На дневку остановились в непролазном болоте, но отдохнули плохо, — людей и лошадей тучами осаждали комары, а разводить костры, чтобы рассеять эти тучи, Федор запретил строго-настрого. С наступлением вечера осторожно обошли занятую немцами деревню. Чтобы не создавать липшего шума, выключили мотоциклетные моторы и часа полтора тащили мотоциклы лошадьми.
Боясь проглядеть впотьмах основной ориентир при сближении со своими войсками — деревенскую церквушку с разбитой колокольней, Федор остановил эскадрон на лесной поляне. Решено было здесь ждать рассвета.
Неподалеку обнаружилась проселочная дорога. Дважды на протяжении ночи по ней прошли на запад какие-то автоколонны — похоже, немецкие. Федор приказал пропустить их — завязывать здесь бой, хотя бы и скоротечный, было опасно.
На рассвете старшина Кривомаз, вооружившись биноклем, забрался на высокое дерево. Хотел высмотреть оттуда заветную церквушку, но внимание его привлек отдаленный гул танковых моторов, надвигавшийся со стороны Березины.
— Что там? — нетерпеливо спросил Федор, подняв голову.
— Танки, товарищ политрук… С полсотни будет, — неторопливо докладывал Кривомаз, напрягая зрение. И вдруг, ломая ветки, слетел вниз, заорал, обнимая Федора: — Наши! Наши! У них звезды на башнях!
— По коням! — скомандовал Федор. — Штандарт в голову эскадрона! Шаго-ом ма-а-арш!
Никогда еще не волновался он так, как в эти минуты. За три года скитаний по вражеским тылам Федор тысячу раз думал о возвращении к своим, надеялся и вновь терял надежду. И вот наконец он сейчас увидит их, незнакомых ему боевых друзей, советских танкистов.
Еще не взошло солнце, но заря огненно полыхала, освещая верхушки деревьев. Над росистым лугом плыли клочья тумана. Слегка покачивалось в руке Жени Найденова тонкое древко с алым штандартом. Танки шли навстречу эскадрону в предбоевом порядке, устремив вперед стволы пушек.
Остановились одновременно: и танкисты и конники. Люк переднего танка медленно открылся. Федор увидел фигуру смуглого человека в черном кожаном шлеме, из-за ворота чуть расстегнутого комбинезона виднелся краешек генеральских погон. Сдерживая свою танцующую кобылицу, Федор приподнялся на стременах и, приложив руку к фуражке, выкрикнул дрогнувшим голосом длинную, давно заготовленную на такой случай фразу:
— Товарищ генерал! Докладывает политрук Ставров, командир кавалерийского эскадрона, который действовал в тылу противника с двадцать второго июня тысяча девятьсот сорок первого года…

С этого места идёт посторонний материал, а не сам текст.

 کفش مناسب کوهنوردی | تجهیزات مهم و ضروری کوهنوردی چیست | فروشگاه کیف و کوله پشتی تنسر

После отъезда Петра Бармина во Францию Максим Селищев, как ни старался, не мог освободиться от гнетущего чувства одиночества. Часами он бесцельно вышагивал по опустевшей комнате, подолгу стоял у окна, из которого видны были унылые, серые стены берлинских домов.

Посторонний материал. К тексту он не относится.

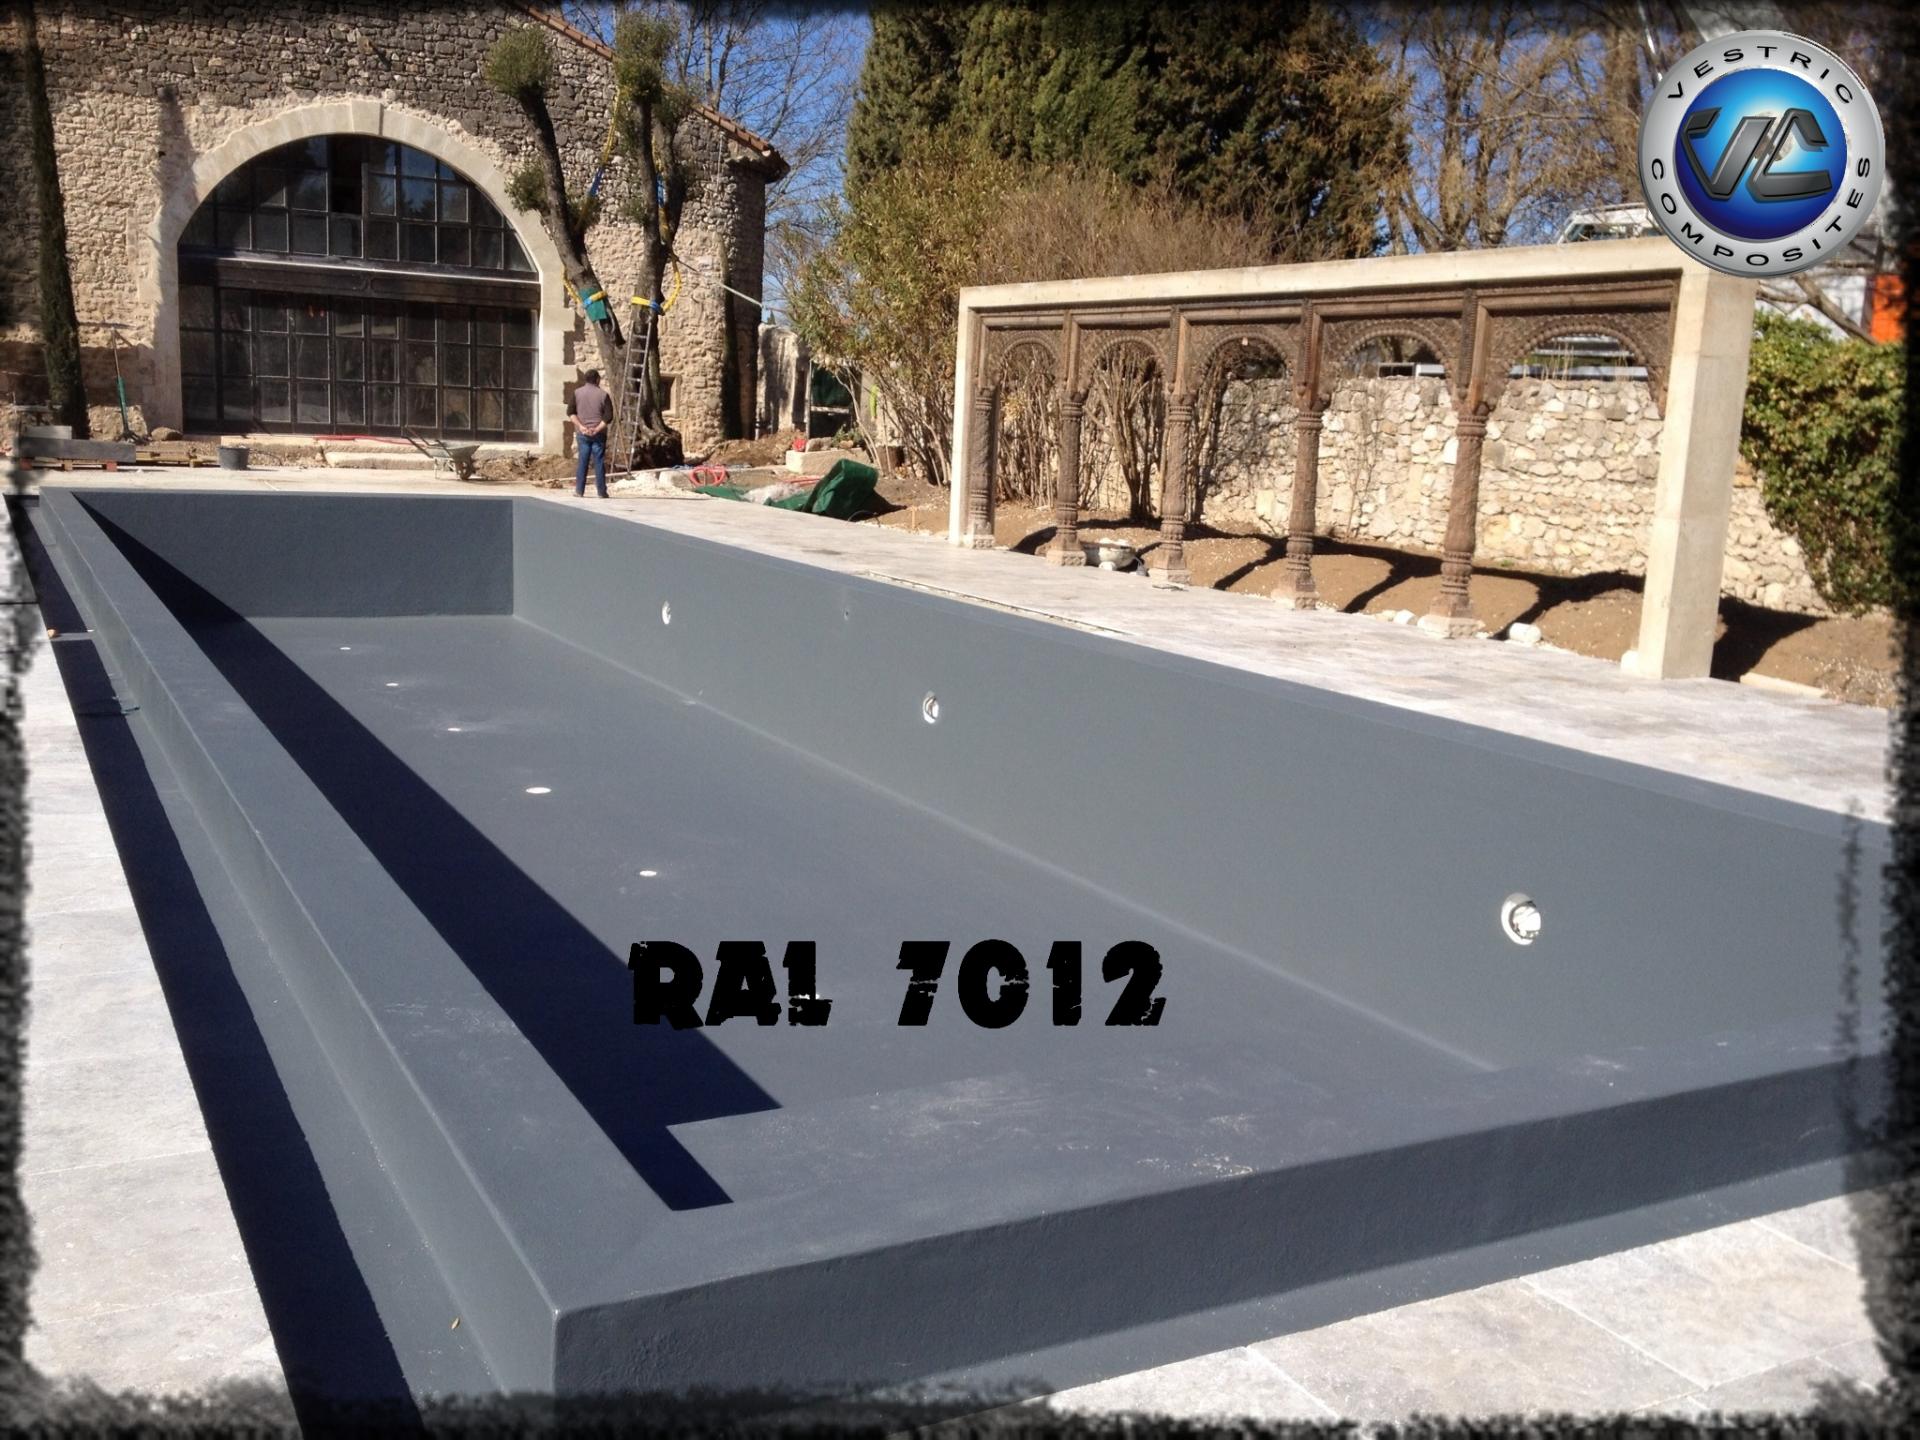 Ral 7012 couleur gris balzate anthracite piscine en eau vestric composites 4

Несколько раз встречался с фрейлейн Гизелой Вайсенборн и передавал ей сведения о казачьих формированиях атамана Краснова, но эти жалкие формирования были столь незначительны и ненадежны, что Гитлер приказал держать их в тылу и, если возникнет необходимость, использовать для несения полицейской службы. Навербованные в концлагерях «казаки-добровольцы», получив продуктовые пайки и оружие, разбегались из казарм, прятались по лесам.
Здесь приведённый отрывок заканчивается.